Santoshi Kori is enjoying the novel feeling of ownership. “It is we women who decided to set up the farmer cooperative. Now the men in our village admit it’s a good idea,” she adds laughing.
A Dalit farmer in Guchara hamlet of Bhairaha panchayat, she paid up Rs. 1,000 as membership fee for the Runj Mahila Farmers Producers Organisation (MFPO) – one of 300 Adivasi, Dalit and OBC (Other Backward Class) women in Panna district to do so in January 2024. Santoshi is one of five board members of the Runj MFPO and is called upon to speak at gatherings and spread the word.
“Earlier, the bicholiya [trader] would come and take our arhar dal [pigeon-pea] at a lower price as it was not milled. And then he never came on time, and we never got our money on time,” she tells PARI. The 45-year-old mother of three grows arhar dal on her family’s two acres of rain-fed land, and has also taken another acre on tenancy.

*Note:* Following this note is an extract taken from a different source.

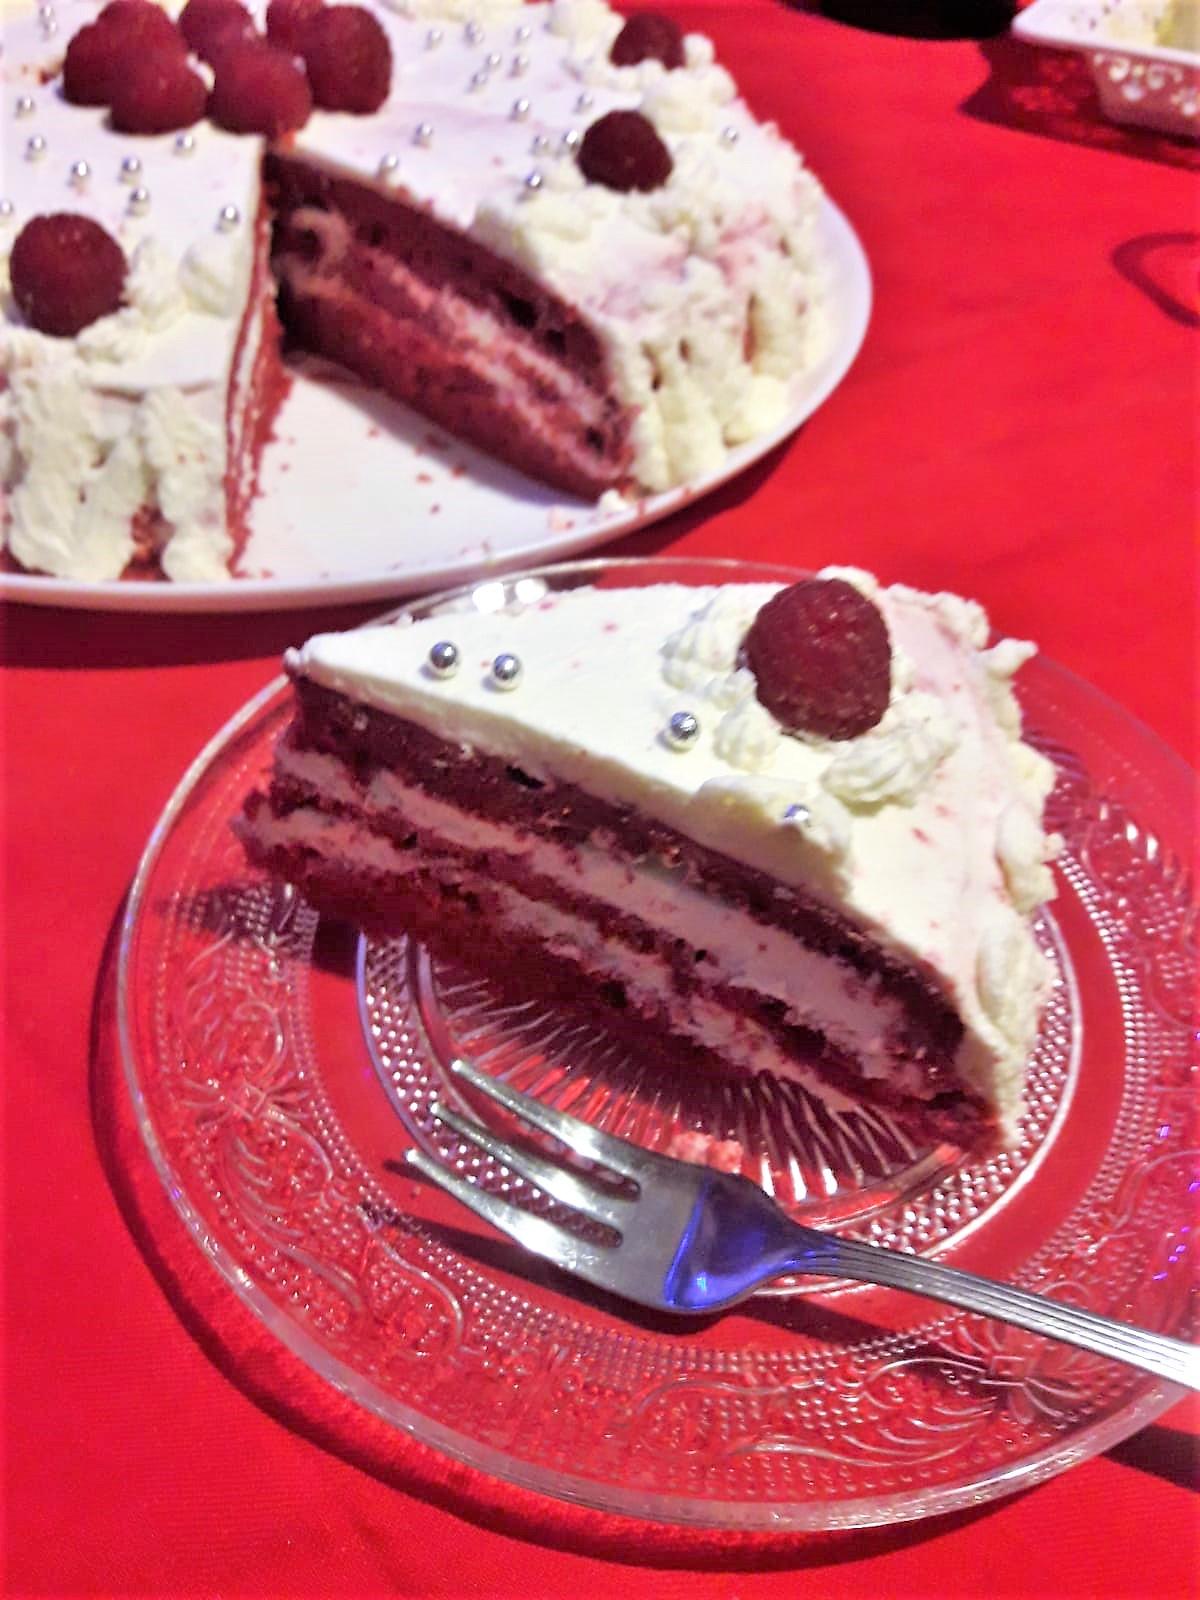 Tronchetto Di Natale Cucchiaio D Argento.Torta Red Velvet Ricetta Originale Kitchen Clue

Only 11 per cent women in the country own land, and Madhya Pradesh is no exception.
The Runj MFPO – named after the river Runj, a tributary of the Baghain which drains into the Yamuna – is a collective of women farmers across 28 villages across Ajaigarh and Panna block. Started in 2024, it already had a turnover of Rs. 40 lakh and is aiming to double this in the coming year.